Parse the entire String as an Integer using Integer.parseInt() or Long.parseLong() . Based on appropriate size.
You can add each digit by using the following 2 operators -> / and %.
You will also need a while loop.
Note : This approach fails for very large numbers or if the number starts with 0. You can indeed do it using charAt() + some other string methodd.
public class Simple {
public static void main(String `args`[]){
String str = "123456789";
Integer total = 0;
for (Character eachNumber : str.toCharArray()) {
total += Integer.parseInt(eachNumber.toString());
}
System.out.println(total);
}
}
A short way in Java 8:
String s = "123312351863";
int sum = s.chars().map(Character::getNumericValue).sum();
Try like this:
int res = 0;
String s= "123312351863";
for (int i = 0; i < s.length(); i++)
{
String str= ""+s.charAt(i);
int b = Integer.parseInt(str);
res = res + b;
}
System.out.println(res);
You can first split the string to single characters using String.split("") (note it will give an empty string at the beginning for prior to java8 versions)
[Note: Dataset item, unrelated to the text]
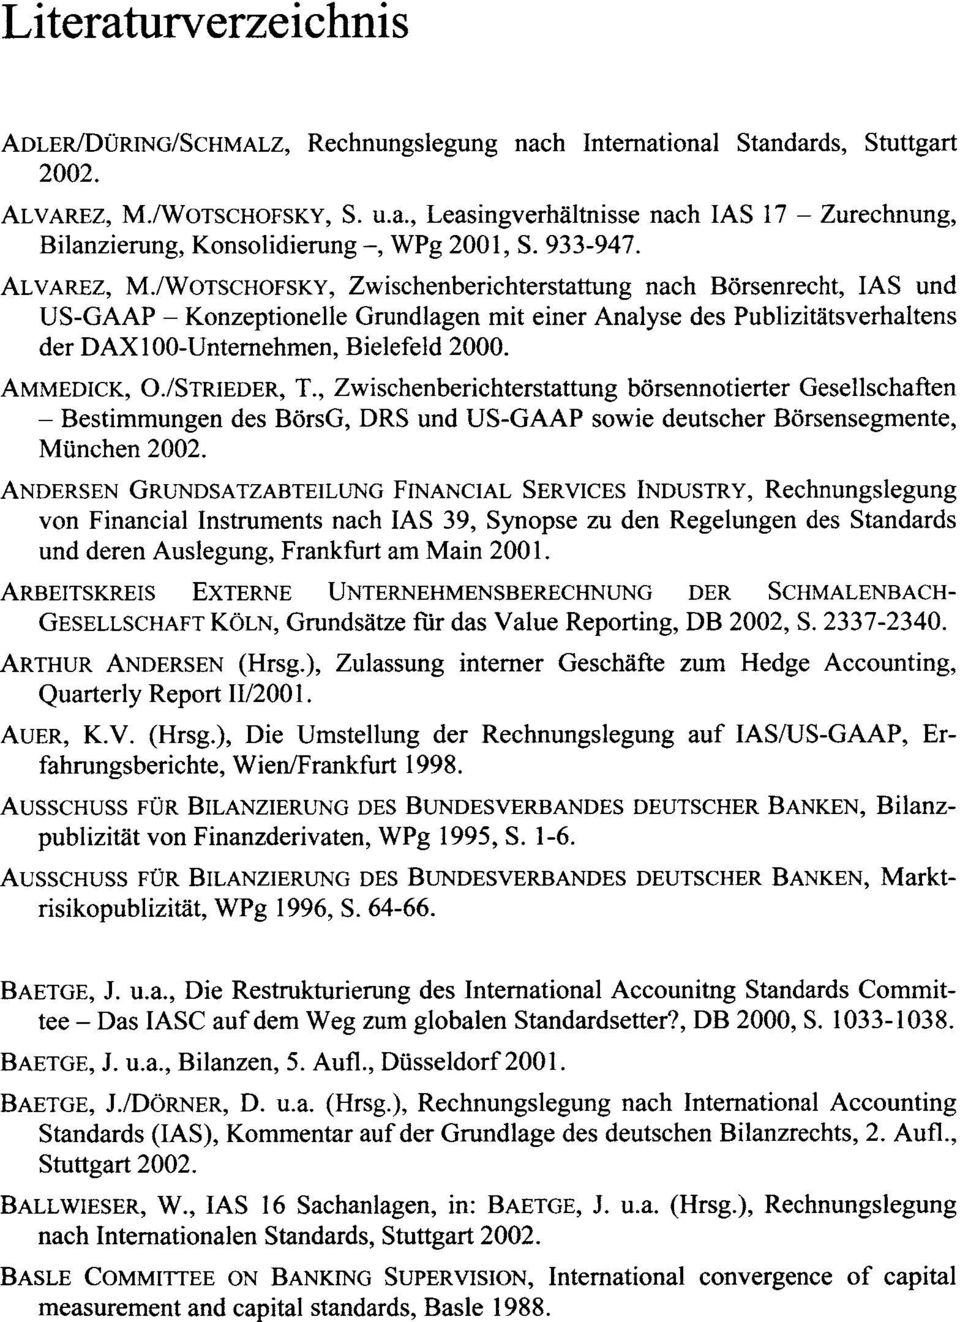 ALVAREZ, M,/WOTSCHOFSKY, Zwischenberichterstattung nach Börsenrecht, las und US-GAAP - Konzeptionelle Grundlagen mit einer Analyse des Publizitätsverhaltens der DAXI00-Unternehmen, Bielefeld 2000.
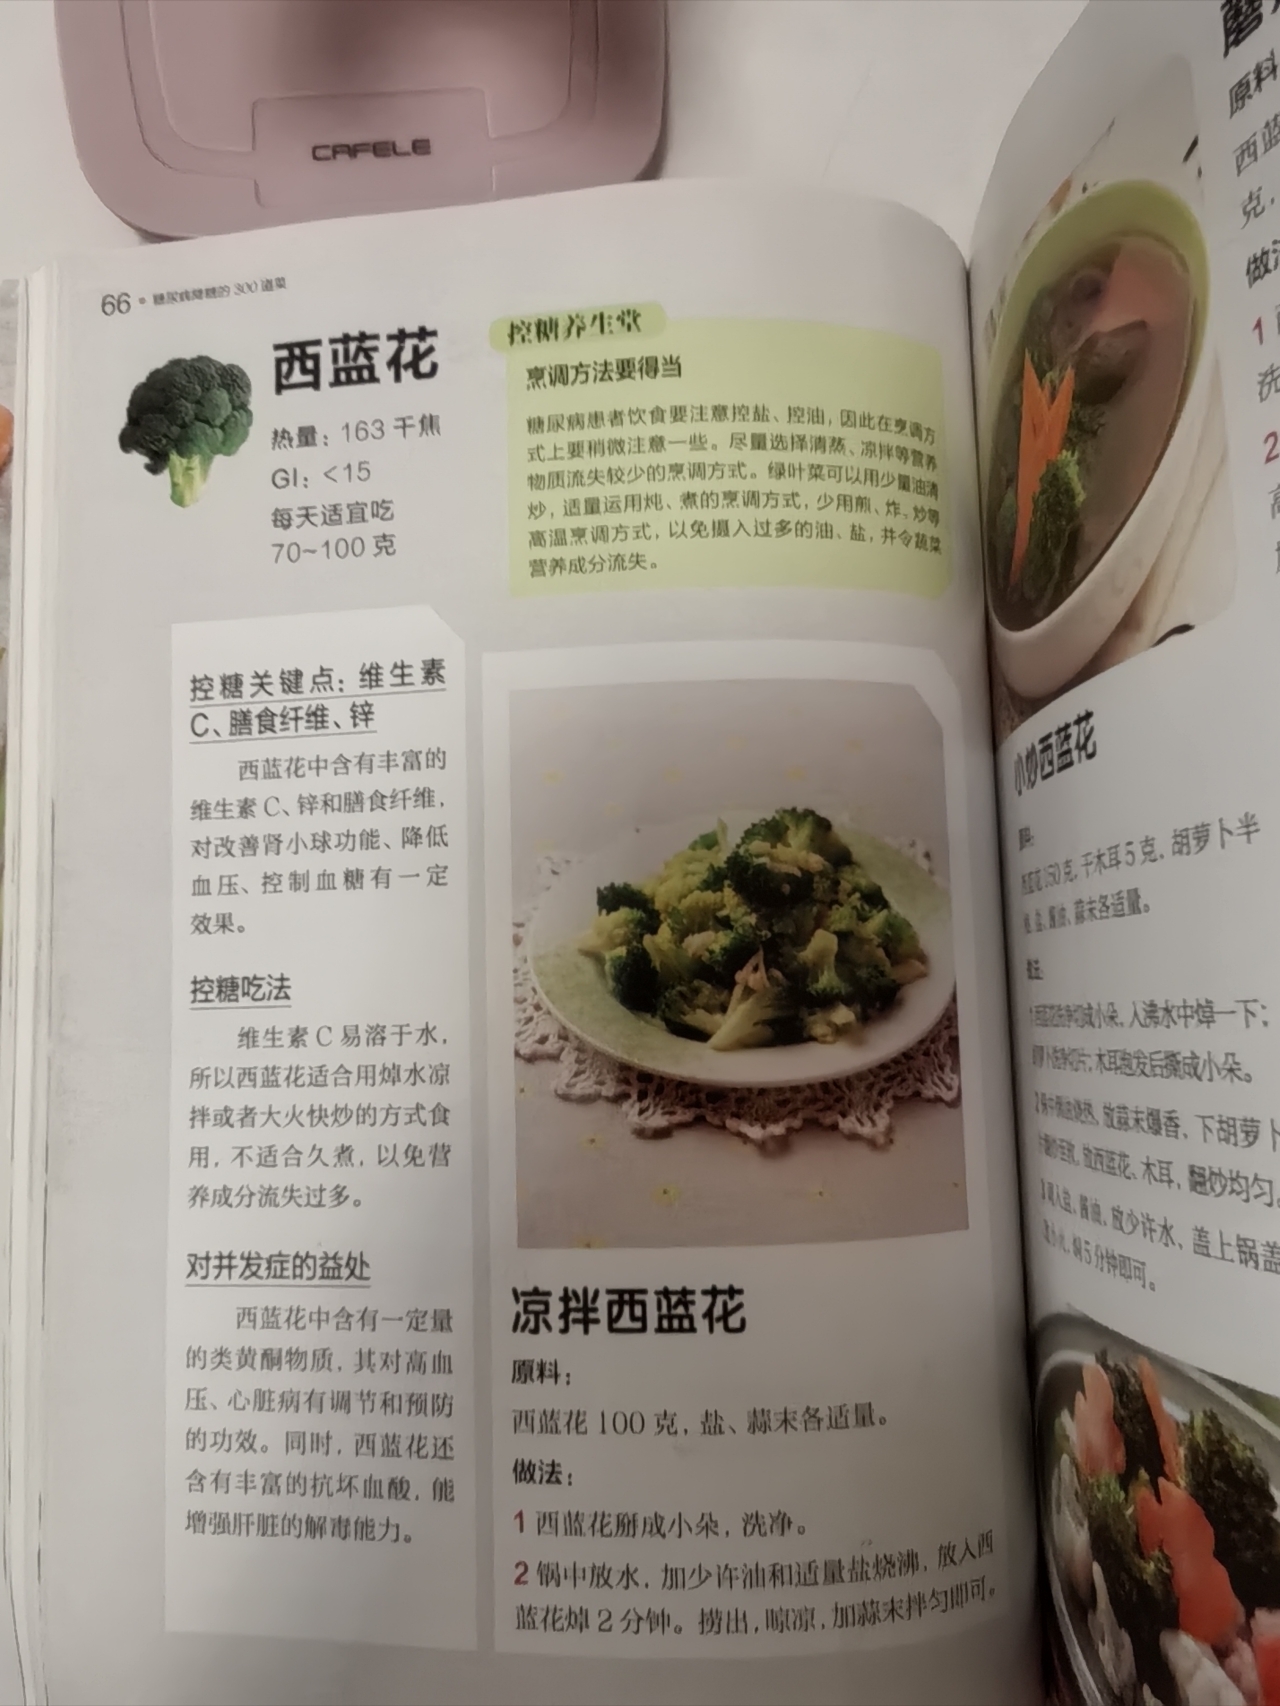 蔬菜及菌菇类: 西蓝花

Then, iterate the String[], parse each number to int, and sum them
You can split the string by "" , then convert each string to Integer and sum the numbers. E.g. in java 8
System.out.println(Stream.of(s).map(x -> x.split("")).flatMap(Arrays::stream).mapToInt(Integer::parseInt).sum());
Output
38
You can also do
Iterate over the charaters of string using loop and chatAt().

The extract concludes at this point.